I’m a couple of months shy of my 39th birthday. I’ve always heard this is one of the signs you’re getting older, but it never happened to me until today:
I just got home from a doctor’s appointment, with a doctor I’d not seen before. I knew she was female going in, but I was rather shocked when she entered the room… not only was she around my age, probably younger, but she was really cute.
WTF is going on here? Doctors are supposed to be, like, old. Not someone I’m distracted by when talking to because I’m trying to picture her naked!*
*I’m referring, of course, to the automatic reaction straight men have towards hot women. I wasn’t doing it consciously, it’s a reflex that can’t be helped.
I sympathise! I’m starting to feel old too - the cops look like they aren’t old enought to shave. Uni students look like they just finished primary school. Doctors are supposed to be old and now they all seem to be my age. My parents just started collecting the pension. I am, however, younger than most of the parents of my daughter’s school friends so that makes me feel a bit better
I teach 7th grade, so I am continually(at 31 years old) reminded how “old” I am.
I have told the kids many times that while I have had several MP3 players, I’ve never had an Ipod. They look at me like I’m some kind of crazy old fogey.
I, too, am a couple months shy of my 39th birthday. This little exchange really brought my age to my attention. A buddy of mine was telling me about all the quaint retro fun he was having with his 64 emulator.
My now constant sign that I’m getting older (as if I needed another one) are these white hairs that pop up in my eyebrows.
Now the head hairs, I can take; that’s been going on since I was in my twenties. I’m used to covering those up on a regular basis. But the eyebrows! For Pete’s sake! Even my mother has dark ones! Even a brow pencil is getting iffy for coverage. My only choice is to pluck them (which at the rate they’re coming in, it won’t be long before both eyebrows are nothing but pencil - kind of like my old lady aunts).
Now, get off my lawn, you guys with the thirty-something doctors, mp3 players and video games!
And they’re not just white – they’re thick and wiry and they won’t stay in place! Wait until the hairs start sprouting from your moles – or are they called “wens” at my age? I dunno, but I regularly pluck wiry hairs from my face. And trim hubby’s ear hair. (He has to do his nose though.)
Now that everyone’s properly grossed out, another sign is when kids you used to babysit become grandparents.
As one of the young fry around here, I am sticking my fingers in my ears and refusing to believe that this will someday happen to me (assuming I don’t trip and fall in front of a bus before then, given my klutz powers).
Sometimes I have to look for a minute to tell if a picture is of me or my mother.
Oddly, try as I might, I still can’t see my colleagues as adults.

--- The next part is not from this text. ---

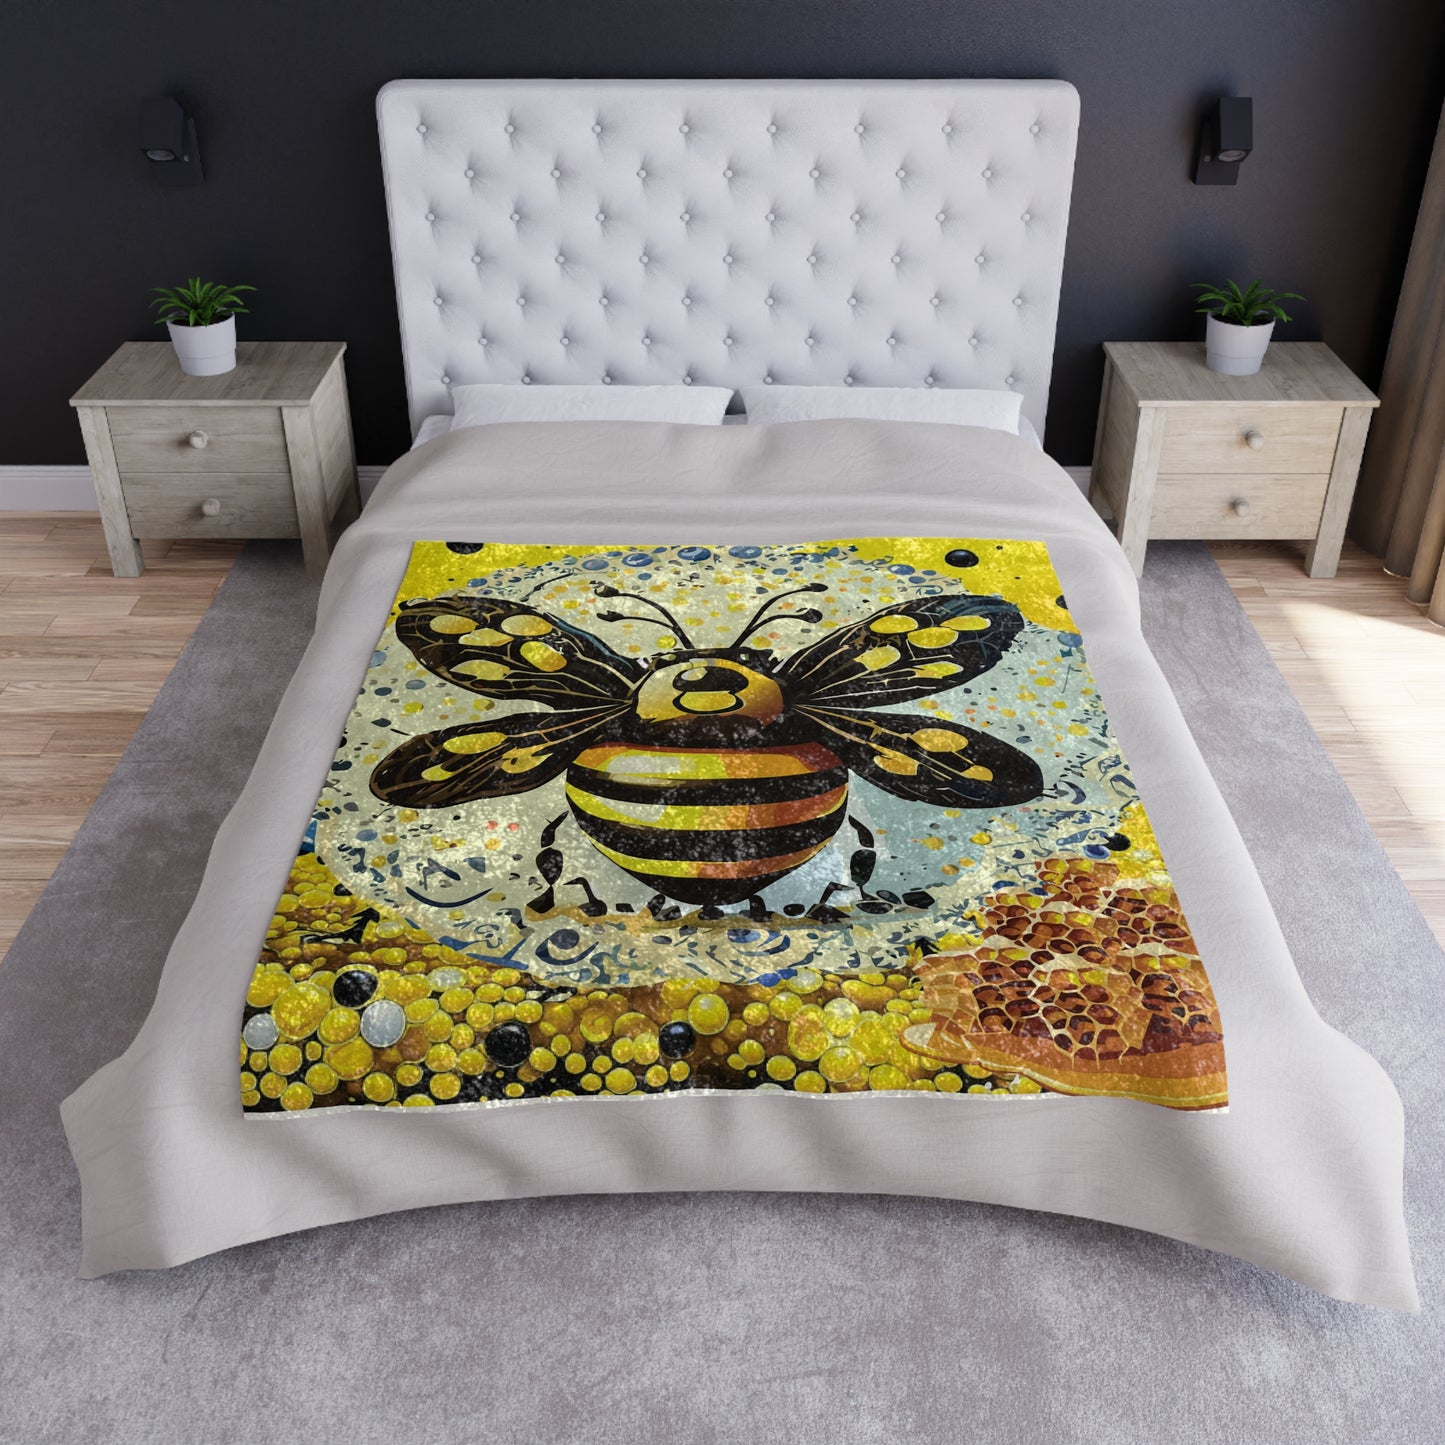 Crushed Velvet Blanket - Juicy-Bee

We are pretty much all mid to late 20s. Some of us are balding, we wear professional dress, and there are plenty of other visible signs of adulthood. But when I see my friends, I see a bunch of ageless people.
I meant to say “MY HUSBAND’S PARENTS” have just started collecting the pension. Sorry Mum & Dad - I just aged you! Not that you will see this post… but anyway… :smack:
Oh, yeah - there’s another one that hit me last week! I was leaving my university when I noted a pair of hot women walking down the sidewalk. They looked quite a bit alike, one older than the other - most likely mother and daughter. And it was the mother I was focusing my attention on… “Mmmmm, yummy!”

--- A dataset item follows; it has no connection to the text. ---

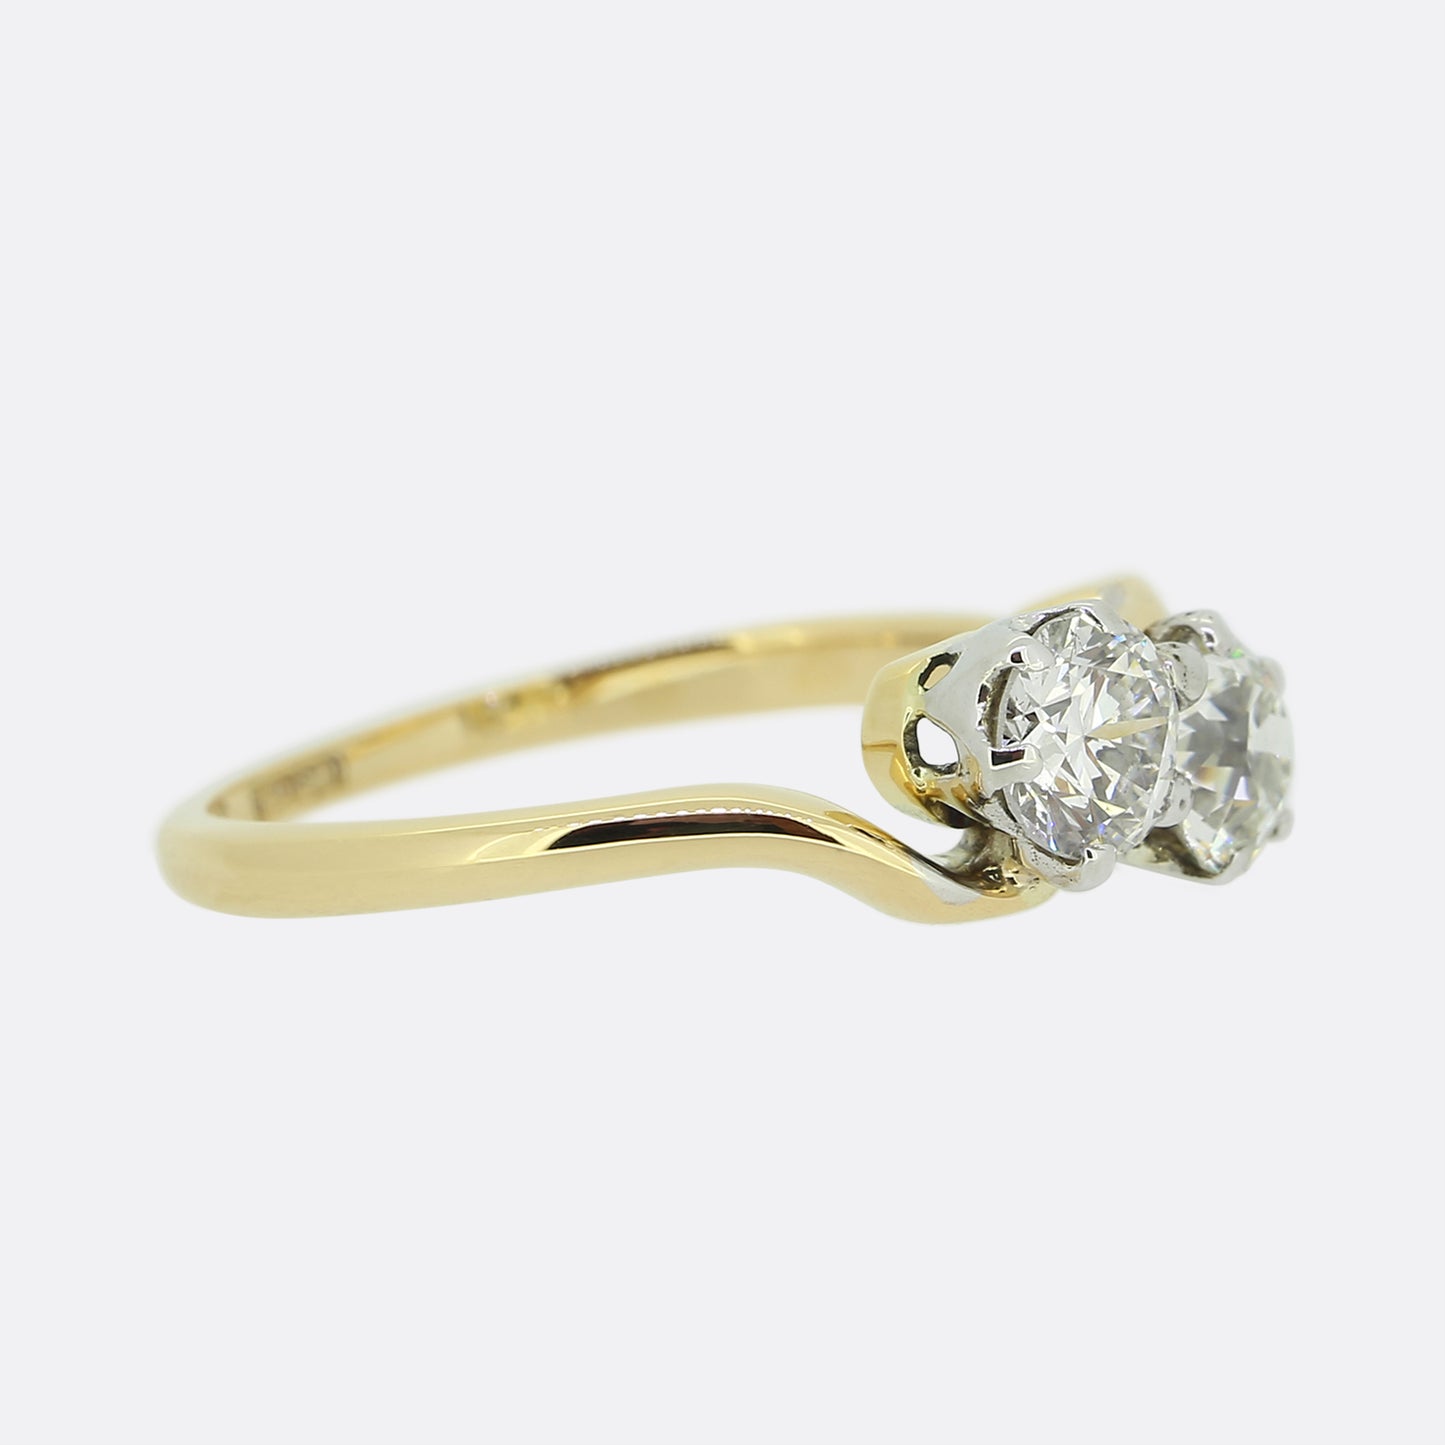 Vintage Two-Stone Diamond Ring

I noticed my former classmates at my 30th high school reunion looked rather…haggard. What a shame! And here I haven’t changed a bit since senior year!
I can’t help but notice I’ve slowed down a bit, not flinging myself willy-nilly across the lawn or down the basement stairs with a laundry basket (I put it in a bag and throw it down first). And the eyesight seems to be getting worse every year. When I complain to my mother, she says ‘welcome to the club. It gets worse.’
The great big evil secret is not that “You get old”, it’s that the whole frikking world is conspiring to create new stuff when you’re not looking.
Just because I say a line from Ferris Bueller’s day off and the kid looks at me like I’m an old coot. Then I say a line from the Matrix and realize it was out fourteen years ago…
And I don’t feel old, it’s just that my knee binds up a little if I’ve been sitting too long…honest, it’s not a TRICK knee, per-se…it’s just…oh, is THAT what a trick knee feels like? sigh.
Alas, I have my Mom’s Father’s hair, and I’m getting my Dad’s Father’s face (and my Dad’s hands…when did THAT happen?)
Honestly, I’d say I still feel 26 inside, but I was in rotten shape at 26. I was in good shape athletically at 32, but 32 sounds old…So I’m an in shape 32 year old with the hair, skin, and knee of a 40 year old, who feels like 26 ought to feel.
But I’m getting the patience of a 40 year old. I see the ‘young-uns’ running around, worried about ‘Shit that Don’t Matter™’ and think ‘Kids, worry about the stuff you can control.’